The Drifter received "generally favorable reviews" by critics according to review aggregator platform Metacritic.

Brodie Gibbons from Press Start Australia described The Drifter as "a thriller from start to finish," praising its relentless pacing and gripping narrative delivery.

4Players praised The Drifter as a gritty, high-intensity thriller with strong atmosphere, sharp writing, and compelling pacing that sets it apart from more traditional point-and-click games. The review highlighted its "hidden gem" quality but also noted minor drawbacks, including some puzzles that are too easy and the limited Michael Crichton influence.

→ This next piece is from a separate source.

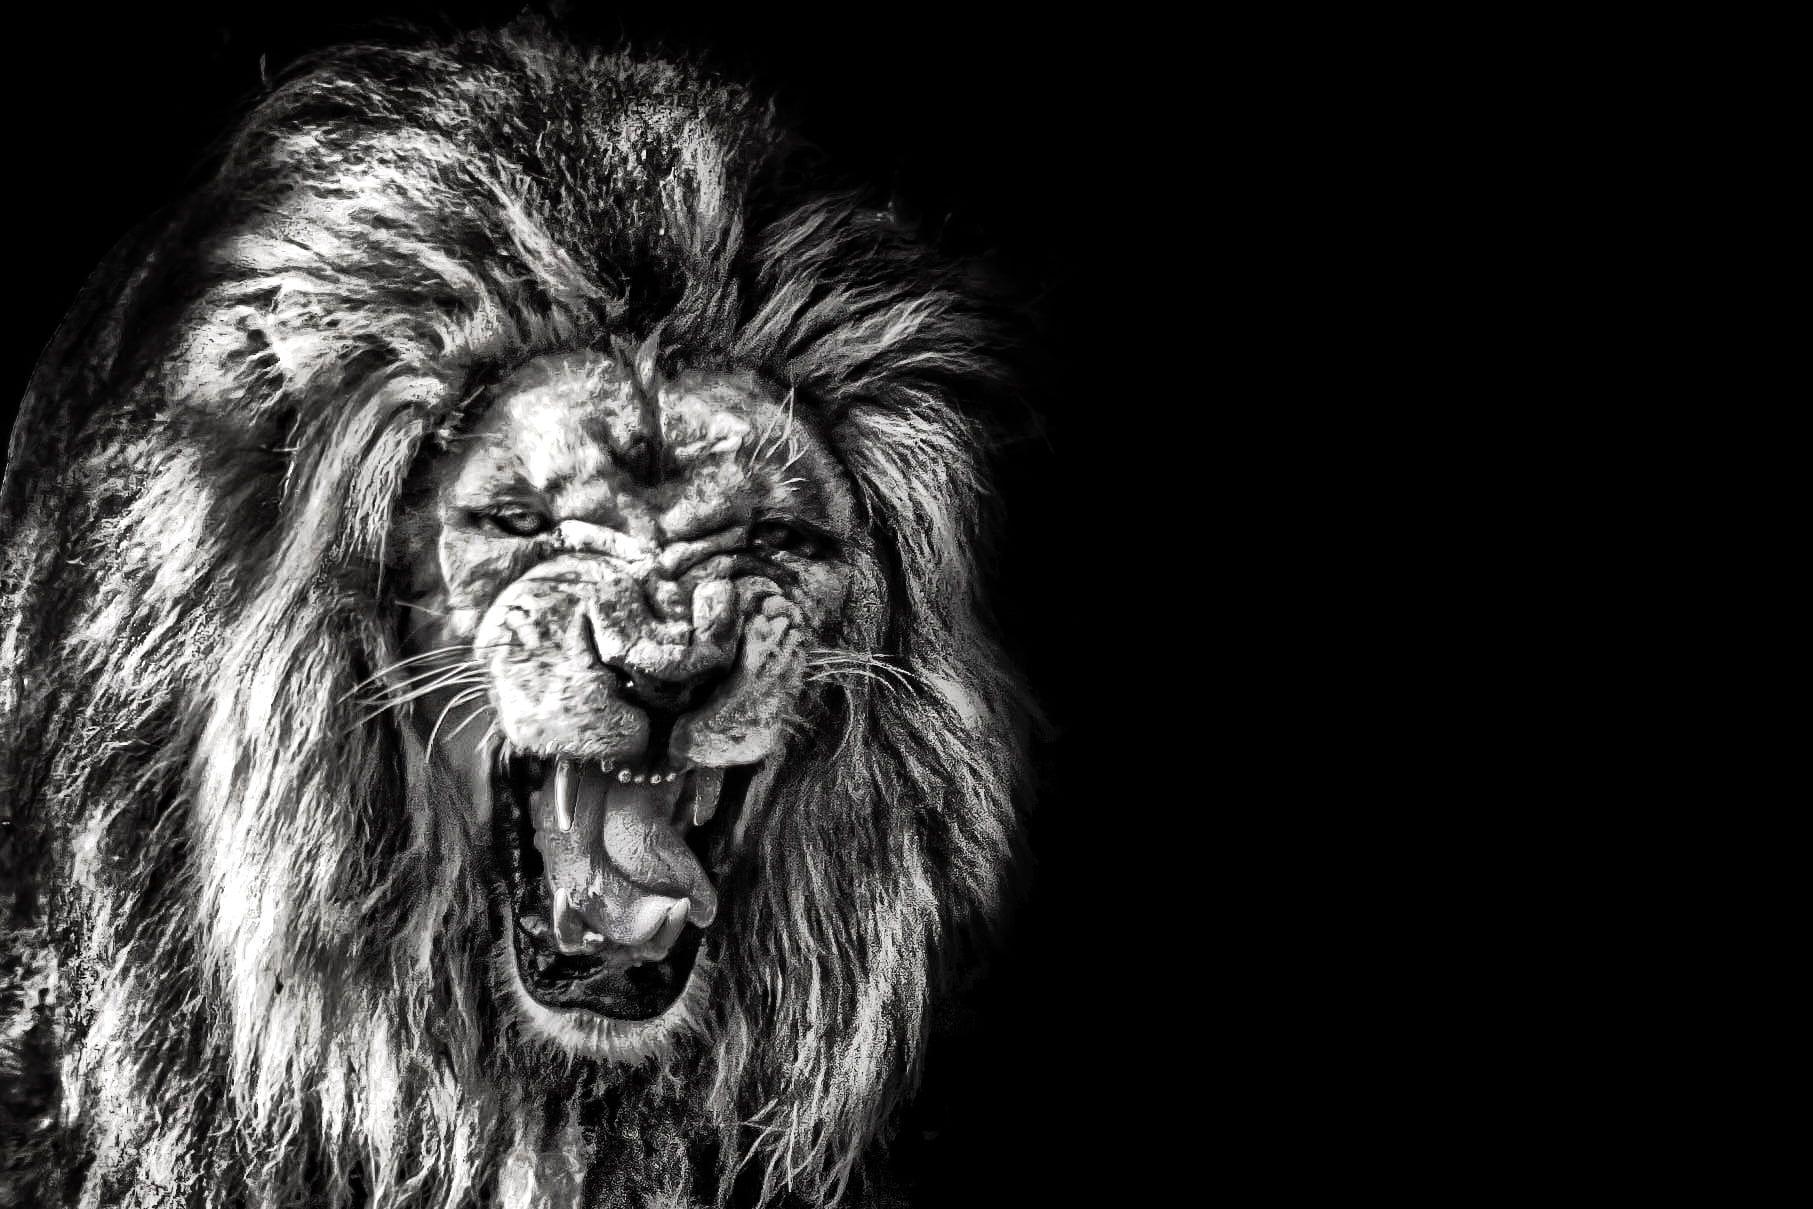 Image Of A Roaring Lion Dowload: Lion Roar Wallpapers

Alexander Bohn-Elias from Eurogamer Germany gave 5 out of 5 stars, and described the game as "the best point-and-click adventure [he has] ever played". He also praised the strong characters, fantastic voice actors, and German subtitles.

Aggregate scores
| Aggregator | Score |
|---|---|
| Metacritic | (PC) 84/100 (NS2) 89/100 |
| OpenCritic | 94% recommend |

Review scores
| Publication | Score |
|---|---|
| 4Players | 8.0/10 |
| Eurogamer | 5/5 |
| PC Gamer (UK) | 70/100 |
| The Games Machine (Italy) | 8.7/10 |

===Awards===

| Year | Award | Category | Result | Ref. |
| 2025 | Australian Game Developer Awards | Game of the Year | Won |  |
| Excellence in Visual Art | Won |
| Excellence in Narrative | Won |
| Excellence in Sound Design | Won |
| Excellence in Gameplay | Nominated |
| Excellence in Music | Nominated |
| 2026 | 29th Annual D.I.C.E. Awards | Outstanding Achievement in Story | Nominated |  |

==Film adaptation==
In September 2026, Sony Pictures and Story Kitchen acquired rights to produce a film adaptation with Dmitri M. Johnson and Michael Lawrence Goldberg producing and Timothy I. Stevenson and Elena Sandoval as executive producers.